§ Work required
Everything in the listing should be set down exactly, apart from the pictures.

§ Source material

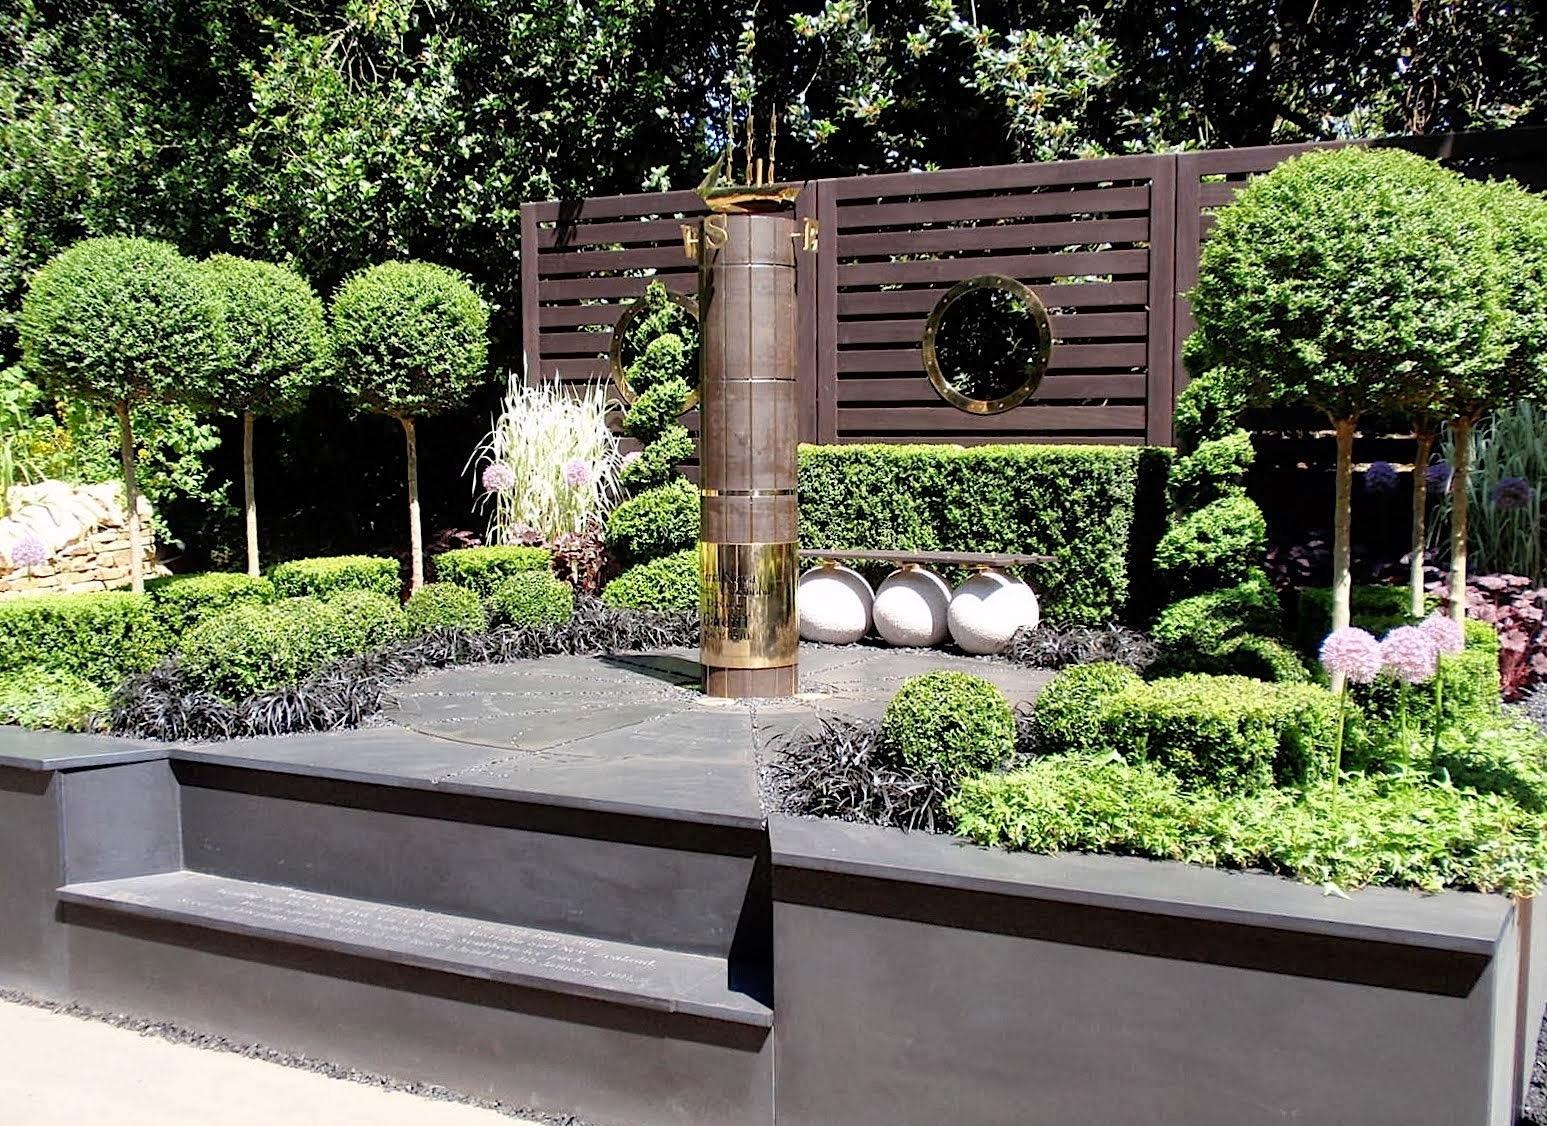 Minimalist Urban Garden (Image 21 of 28)
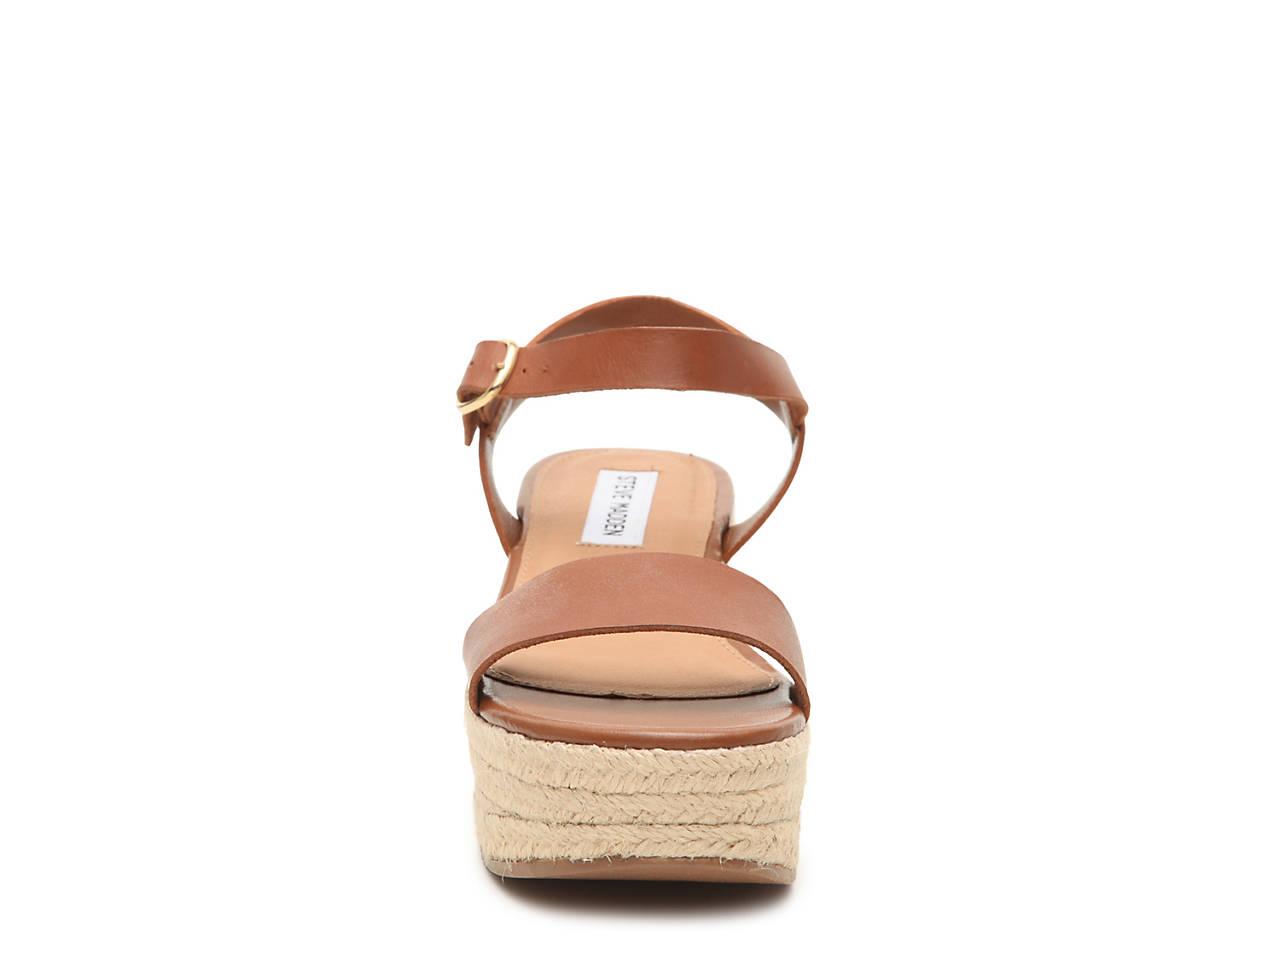 e00cc48d424 Brandice Espadrille Wedge Sandal
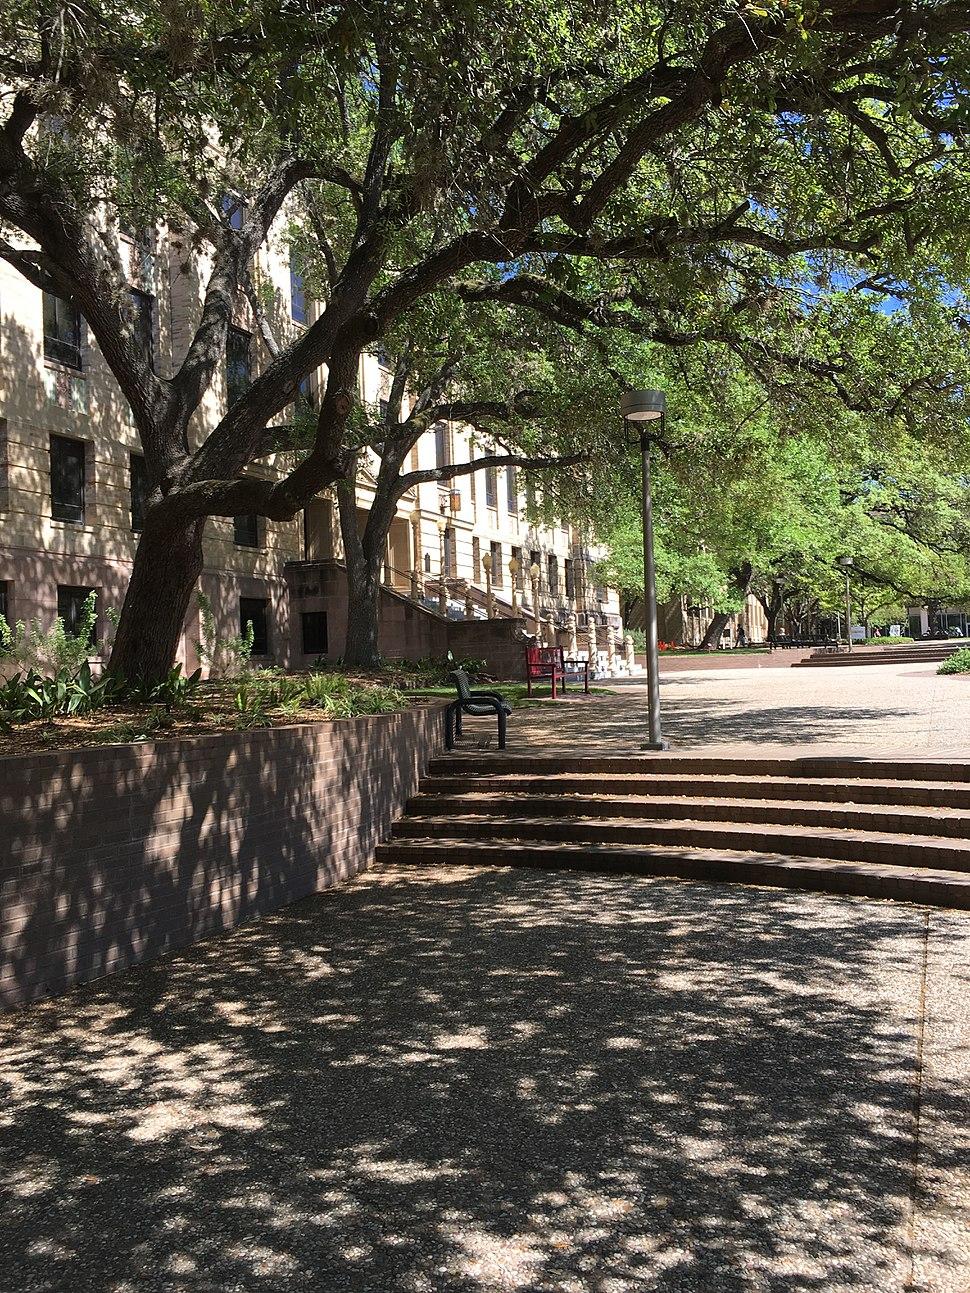 Texas A&M University Chemistry Building

§ Solution to this exercise
 Minimalist Urban Garden (Image 21 of 28)
 e00cc48d424 Brandice Espadrille Wedge Sandal
 Texas A&M University Chemistry Building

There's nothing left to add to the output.